# Task item:
Check every line of the entries below for the word "Main", and copy the ones that have it.

============================================================

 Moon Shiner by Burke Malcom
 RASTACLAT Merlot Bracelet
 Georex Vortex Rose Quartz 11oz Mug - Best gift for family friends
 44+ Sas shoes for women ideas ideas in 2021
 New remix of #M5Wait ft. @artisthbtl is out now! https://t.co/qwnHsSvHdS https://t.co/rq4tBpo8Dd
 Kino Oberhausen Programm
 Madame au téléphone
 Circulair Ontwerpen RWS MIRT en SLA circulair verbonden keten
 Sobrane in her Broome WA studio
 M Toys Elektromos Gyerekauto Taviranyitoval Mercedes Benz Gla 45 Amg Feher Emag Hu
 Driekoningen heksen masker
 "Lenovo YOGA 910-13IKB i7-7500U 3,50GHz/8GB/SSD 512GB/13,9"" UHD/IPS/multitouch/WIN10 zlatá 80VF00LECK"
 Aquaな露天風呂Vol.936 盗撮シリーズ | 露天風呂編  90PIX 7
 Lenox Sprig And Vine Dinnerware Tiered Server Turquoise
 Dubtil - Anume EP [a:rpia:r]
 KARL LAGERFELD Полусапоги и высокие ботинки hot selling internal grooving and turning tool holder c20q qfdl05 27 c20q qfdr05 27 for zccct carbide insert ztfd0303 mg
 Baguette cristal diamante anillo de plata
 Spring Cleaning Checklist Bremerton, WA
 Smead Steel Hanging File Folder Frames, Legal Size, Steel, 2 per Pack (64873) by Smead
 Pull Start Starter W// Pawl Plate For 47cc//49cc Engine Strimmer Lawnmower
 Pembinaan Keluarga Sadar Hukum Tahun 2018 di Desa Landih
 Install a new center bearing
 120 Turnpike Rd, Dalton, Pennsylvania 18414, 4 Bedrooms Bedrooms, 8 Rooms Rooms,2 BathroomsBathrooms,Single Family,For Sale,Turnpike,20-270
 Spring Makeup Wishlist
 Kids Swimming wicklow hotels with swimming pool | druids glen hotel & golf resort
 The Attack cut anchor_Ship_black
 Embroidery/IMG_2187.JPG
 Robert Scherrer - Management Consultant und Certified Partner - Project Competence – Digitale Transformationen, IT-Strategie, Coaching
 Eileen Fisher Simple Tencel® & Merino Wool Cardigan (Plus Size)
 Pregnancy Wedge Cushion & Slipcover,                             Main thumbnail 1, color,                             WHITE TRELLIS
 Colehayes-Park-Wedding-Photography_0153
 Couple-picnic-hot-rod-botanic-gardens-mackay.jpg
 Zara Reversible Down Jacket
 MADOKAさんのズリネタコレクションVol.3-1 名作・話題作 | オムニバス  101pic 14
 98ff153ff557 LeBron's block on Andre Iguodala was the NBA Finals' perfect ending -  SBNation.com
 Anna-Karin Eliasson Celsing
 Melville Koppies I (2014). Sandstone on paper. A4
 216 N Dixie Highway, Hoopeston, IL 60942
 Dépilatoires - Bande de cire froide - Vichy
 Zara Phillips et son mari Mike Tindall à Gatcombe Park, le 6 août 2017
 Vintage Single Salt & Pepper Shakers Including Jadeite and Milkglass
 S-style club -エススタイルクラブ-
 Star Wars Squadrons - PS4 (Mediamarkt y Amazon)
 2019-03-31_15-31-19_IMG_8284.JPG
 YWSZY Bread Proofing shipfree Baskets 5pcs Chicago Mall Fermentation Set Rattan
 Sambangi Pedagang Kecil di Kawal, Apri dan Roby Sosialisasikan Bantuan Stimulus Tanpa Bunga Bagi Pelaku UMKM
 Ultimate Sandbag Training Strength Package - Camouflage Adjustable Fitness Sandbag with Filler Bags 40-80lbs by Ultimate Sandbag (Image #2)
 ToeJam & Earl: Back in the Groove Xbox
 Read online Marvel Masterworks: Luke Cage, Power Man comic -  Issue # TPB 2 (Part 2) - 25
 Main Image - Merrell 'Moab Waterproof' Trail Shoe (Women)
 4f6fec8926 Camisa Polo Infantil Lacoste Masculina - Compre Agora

============================================================

# Output for this exercise:
 Pregnancy Wedge Cushion & Slipcover,                             Main thumbnail 1, color,                             WHITE TRELLIS
 Main Image - Merrell 'Moab Waterproof' Trail Shoe (Women)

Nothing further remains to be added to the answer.